I stopped at a Model Railroad shop in Monroe, Wisconsin and owner showed us his layout. He had a bridge collapse scene. It gave me an idea for a corner area on my own layout. The following photo is the result.


----------



## DonR (Oct 18, 2012)

Very clever scene in a space where you can't do much
else. 

It's imaginative creativity like this that make our
layouts fun.

Don


----------



## ninjarobert (Dec 19, 2017)

Cool idea!


----------



## D&J Railroad (Oct 4, 2013)

Just need a spreading oil slick in the water.


----------



## J.C. (Dec 24, 2016)

here is a original collapse 1890.


----------



## Gramps (Feb 28, 2016)

Very clever, well done.


----------



## mesenteria (Oct 29, 2015)

Nice job. It looks realistic. 

If you don't mind a suggestion, and could stand to not have an oil slick on the water, get a small jar of Mod Podge craft acrylic from Wally's crafts section and stipple some of it on the top of your glassy water. When it dries, it will dry clear and it will look like naturally rippled water surfaces.
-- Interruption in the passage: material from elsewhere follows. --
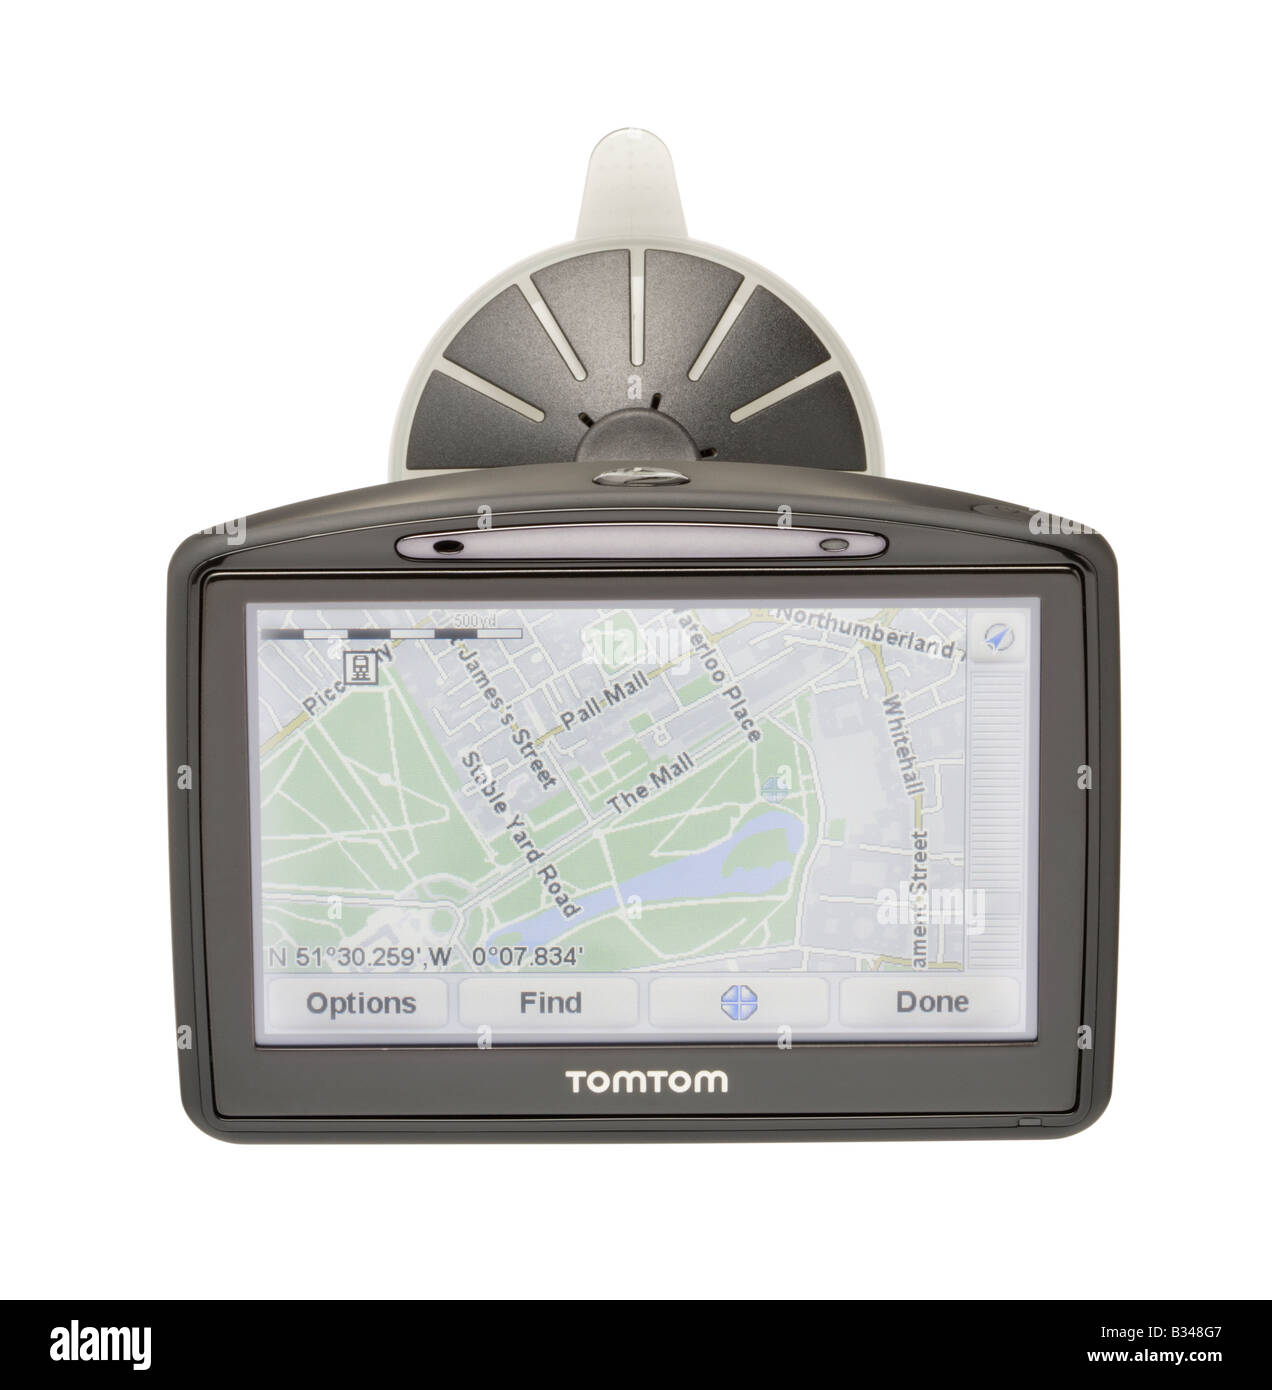 TomTom satellite navigation aid - Stock Image

If you'd like to do this, you'll need the 'gloss' Mod Podge, and a disposable foam brush about an inch across. You pour on a thin layer, spread it around well, turn the applicator onto its flat side, and tap it along the spread layer. It will look rippled when it dries.


----------



## RonthePirate (Sep 9, 2015)

That really is a great way to fill up that corner that you couldn't think of anything else for!
It doesn't take much work to accomplish, and everyone has a few "beater" cars laying around.
And it doesn't tie up any mainline or even spur space.


----------



## A&NRR (Aug 2, 2015)

Agree with the others, great use of otherwise wasted space. I enjoy little scenes like this, keeps the layout interesting to look at. Great conversation piece as well, especially if you invent a story to go with it.


----------



## Kloudbuster (Jan 20, 2017)

That is great. Makes the creative juices flow

Sent from my HTC6525LVW using Tapatalk


----------



## MikeB (Feb 11, 2016)

I always enjoy scenes like that!!


----------



## Spence (Oct 15, 2015)

Excellent scene. :appl::appl:


----------



## Wolferz (Aug 20, 2015)

BMK said:


> I stopped at a Model Railroad shop in Monroe, Wisconsin and owner showed us his layout. He had a bridge collapse scene. It gave me an idea for a corner area on my own layout. The following photo is the result.


I was interested in this but the image is broken. Could you upload it and share again please?


----------



## highvoltage (Apr 6, 2014)

Wolferz said:


> I was interested in this but the image is broken. Could you upload it and share again please?


Actually he posted it as a .pdf file, but here is a .jpg:


----------



## Wolferz (Aug 20, 2015)

That's pretty neat.


----------



## QueenoftheGN (Dec 10, 2019)

cool!


----------